Wednesday, May 22, 2013

Of Cold Sores And Kidney Stones--Got Milk?

So there was a time in my life when I seemed to get a cold sore at least every two weeks.  Just as one would barely heal, another would emerge.  If you've dealt with cold sores, you know how painful and debilitating they can be.  Stressful life events, sun exposure, and even wind on my face pretty much guaranteed an outbreak.  That was before I discovered the Department of Agriculture's online list of foods to eat and foods to avoid to prevent cold sores (and some types of kidney stones).  Since then, I have not had a cold sore for years at a stretch.  Quite a spectacular cure for me personally.  Thought it was time to share this life-changing information, in case someone else doesn't yet know about it.  I found the Department of Agriculture's list copied here:

It is common knowledge that cold sores are caused by a herpes virus.  Turns out though, that the herpes virus uses an amino acid (the building blocks of proteins) to grow.  In particular, they must have the amino acid arginine to thrive.  In the wisdom of mother nature--all things in balance--the amino acid lysine opposes the actions of arginine.  Both arginine and lysine provide good things in our bodies and are unavoidable and necessary, but for those of us prone to cold sores and kidney stones, giving lysine the upper hand in the lysine-arginine ratio will offer us protection. 

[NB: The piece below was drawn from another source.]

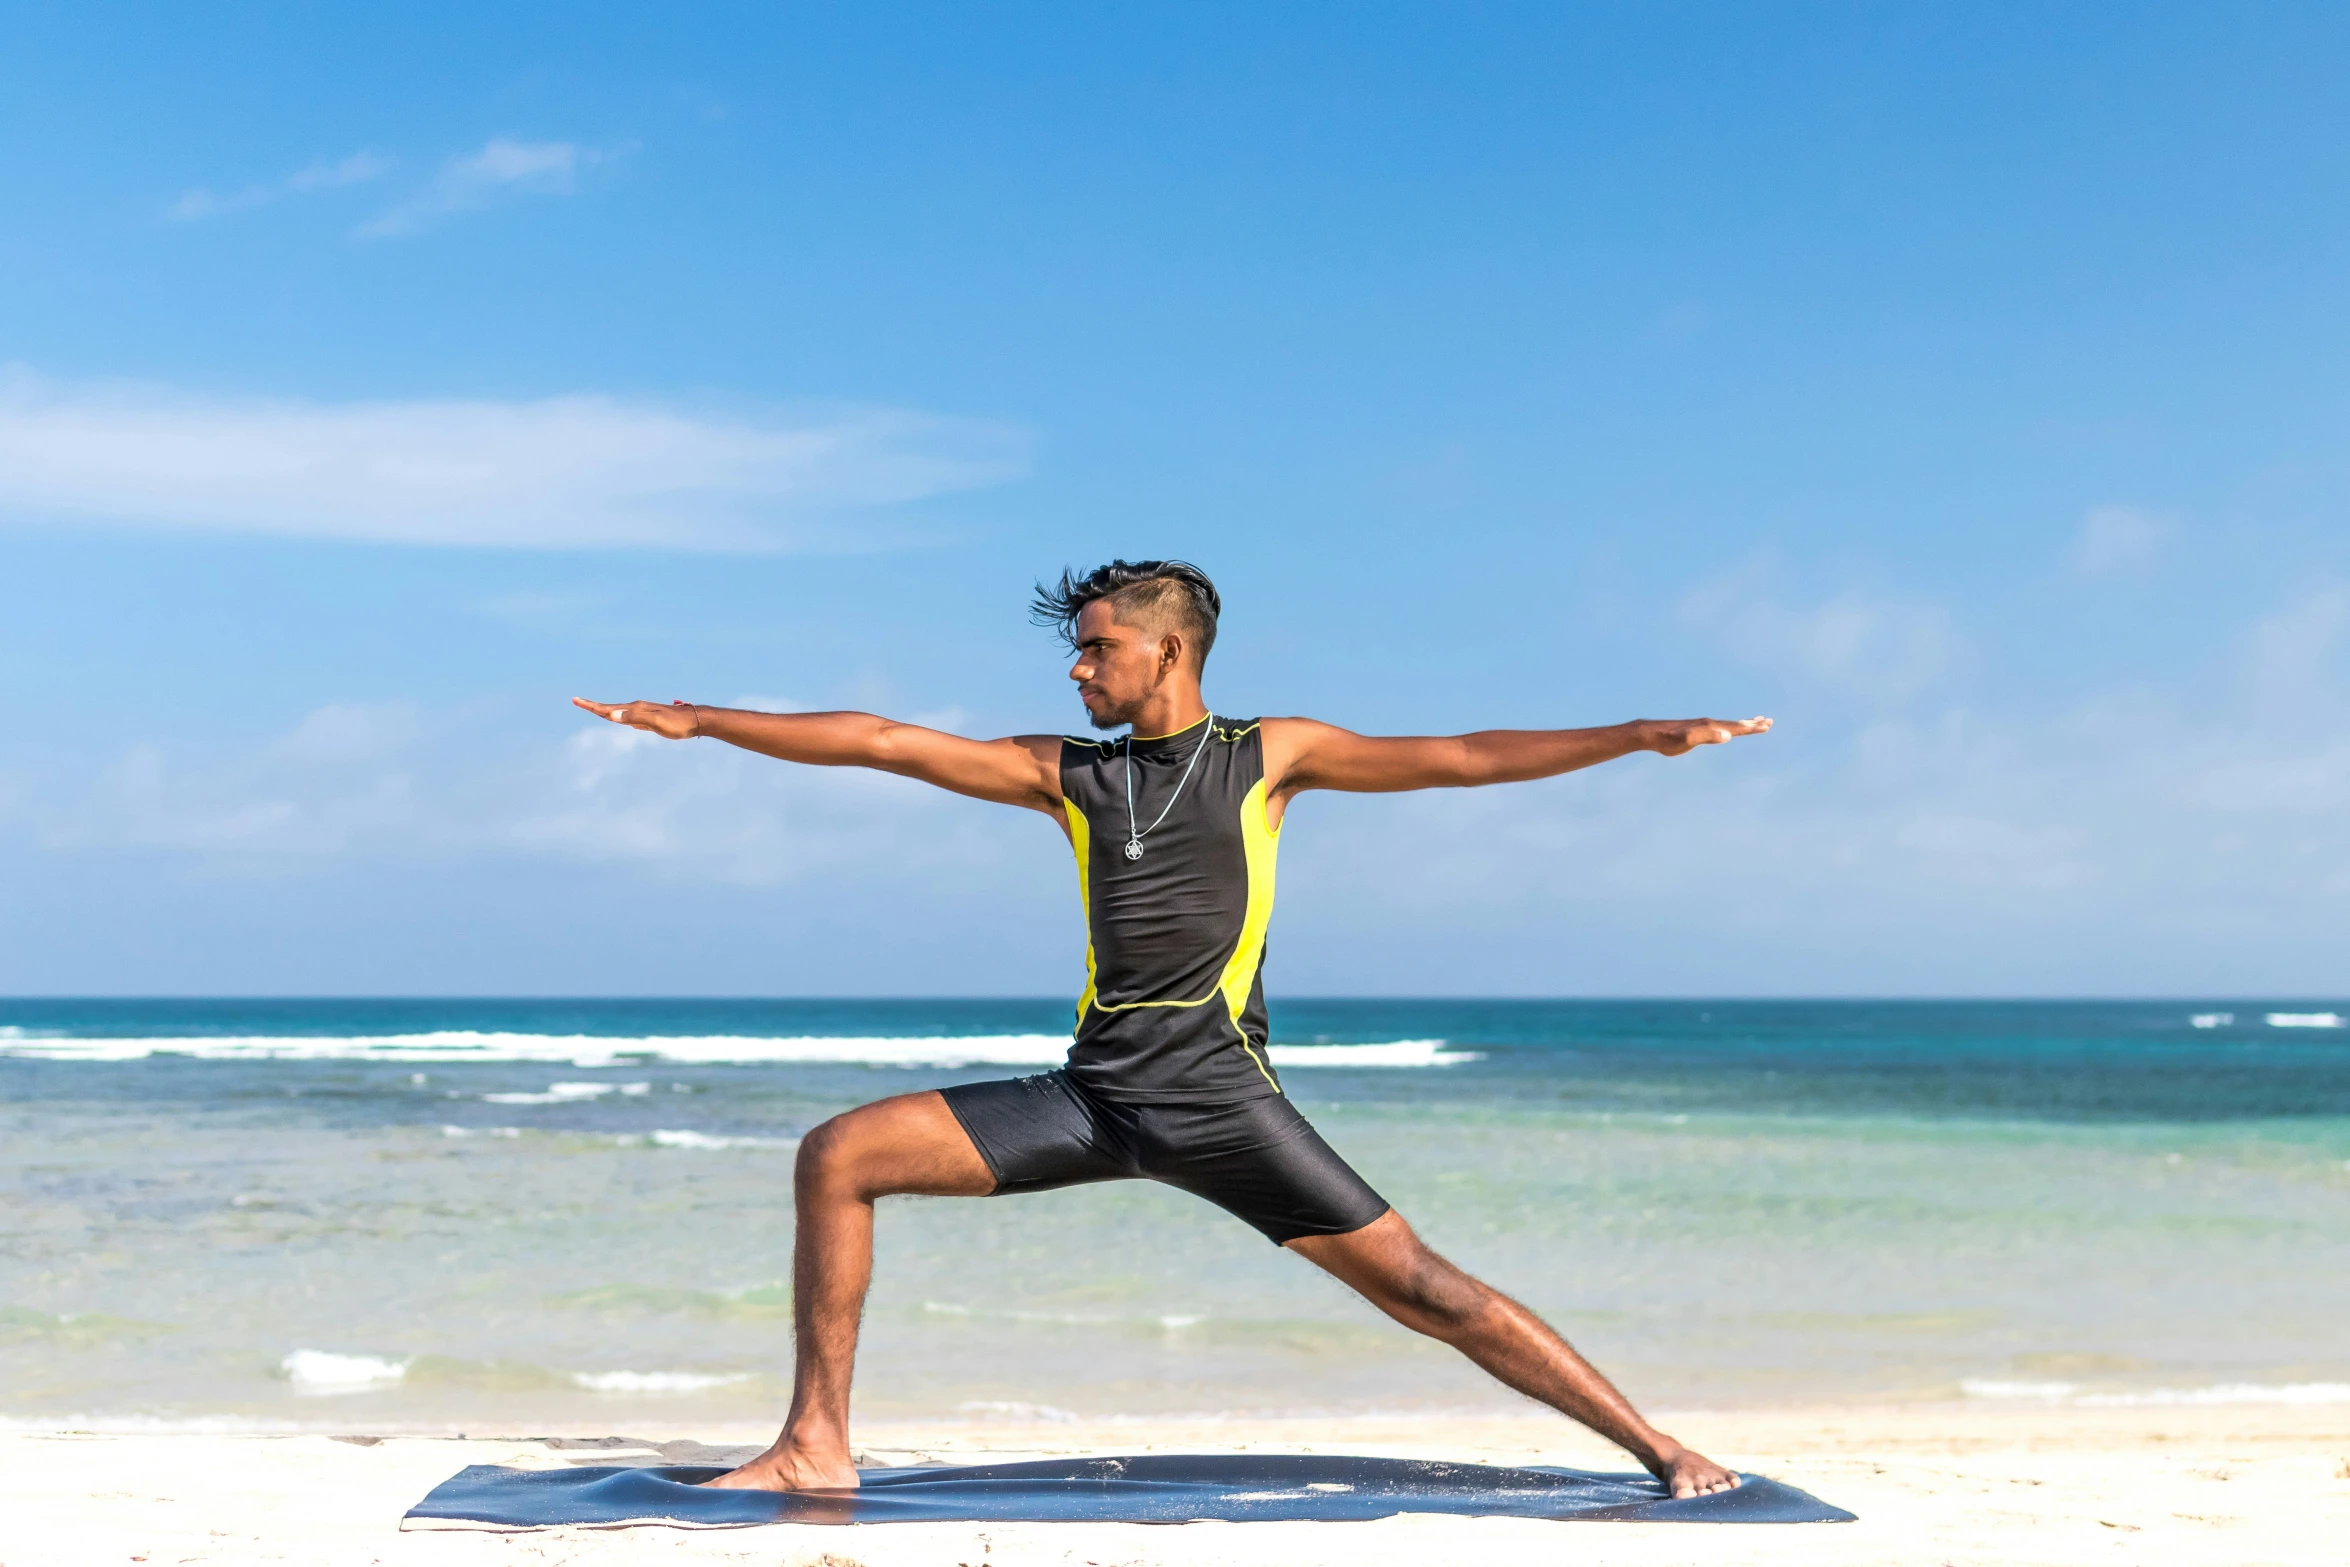 a person with their arms outstretched doing a yoga pose on the beach

So, you want to eat foods that will keep the levels of lysine slightly higher than the levels of arginine.  Basically, foods on the 'good' list, that contain more lysine are from the dairy group (and many types of fish as well--see the list).  I am lactose intolerant, so used to eat very little from this group, which set me up for the frequent outbreaks I used to get.  I had to sort out which dairy items I could tolerate, and add them back into my daily diet.  Now I enjoy kefir, yogurt, frozen yogurt, and all kinds of wonderful cheeses.  I still avoid milk, ice cream, and sour cream wherever possible.

On the 'bad' list--foods that are higher in arginine (that support growth and development of cold sores and kidney stones)--are chocolate, nuts, raisins, and whole grains.  Interesting that my favorite breakfast used to be oatmeal with walnuts and raisins.  Does the herpes virus drive our appetite?  Seems it did mine.  I still crave chocolate and nuts.  However, I have so far found that I can  prevent cold sores (and kidney stones) and enjoy the foods I love, as long as I make sure that I've had enough dairy (foods higher in lysine).  I also have developed a habit of taking an extra 1000 mg of lysine in pill/capsule form every day--just to make sure to tip the lysine-arginine scale in favor of lysine being in charge.  Don't underestimate diet though just because you can take a pill--a serving of peanuts has about 5000 mg of arginine (per the list), so taking 1000 mg of lysine via capsule will be insufficient protection (the contribution seems to be 1:1) if you haven't ingested enough from the 'good' list (dairy, fish, see list). 

As if frequent outbreaks of cold sores isn't bad enough, we've been hearing for quite some time that people who get frequent cold sores are at greater risk of developing Alzheimer's disease.  A precursor of lysine has been shown to be protective of brain function--and it follows that because arginine and lysine oppose each other (and perhaps their precursors do as well), that keeping that ratio tipped in favor of lysine's precursors would also offer protection for your brain. 

Kidney stones also run in my family, although thankfully, I've not yet experienced any, and am hoping that cold sores are an alternate form of this genetic gift.  Doctors used to tell people prone to calcium oxalate kidney stones to avoid dairy products, because they thought that calcium in the diet was contributing directly to development of that type of stones.  In recent decades though, this thought has emphatically reversed (lysine may help to retain calcium, rather than it being excreted and contributing to stone formation), so dairy has since been touted as protective and preventive.  In fact, the 'good' and 'bad' food lists for preventing cold sores align very well with those for folks prone to calcium oxalate kidney stones.  Yet another reason to 'drink your milk!'

*and for those times when I take for granted my enjoyment of chocolate and walnuts, without attending to my dairy intake, I suffer the consequences.  However, a bit of powdered myrrh (available at health food stores) dissolved with a drop or two of water in the palm of my hand, and applied to the affected area provides soothing, healing relief.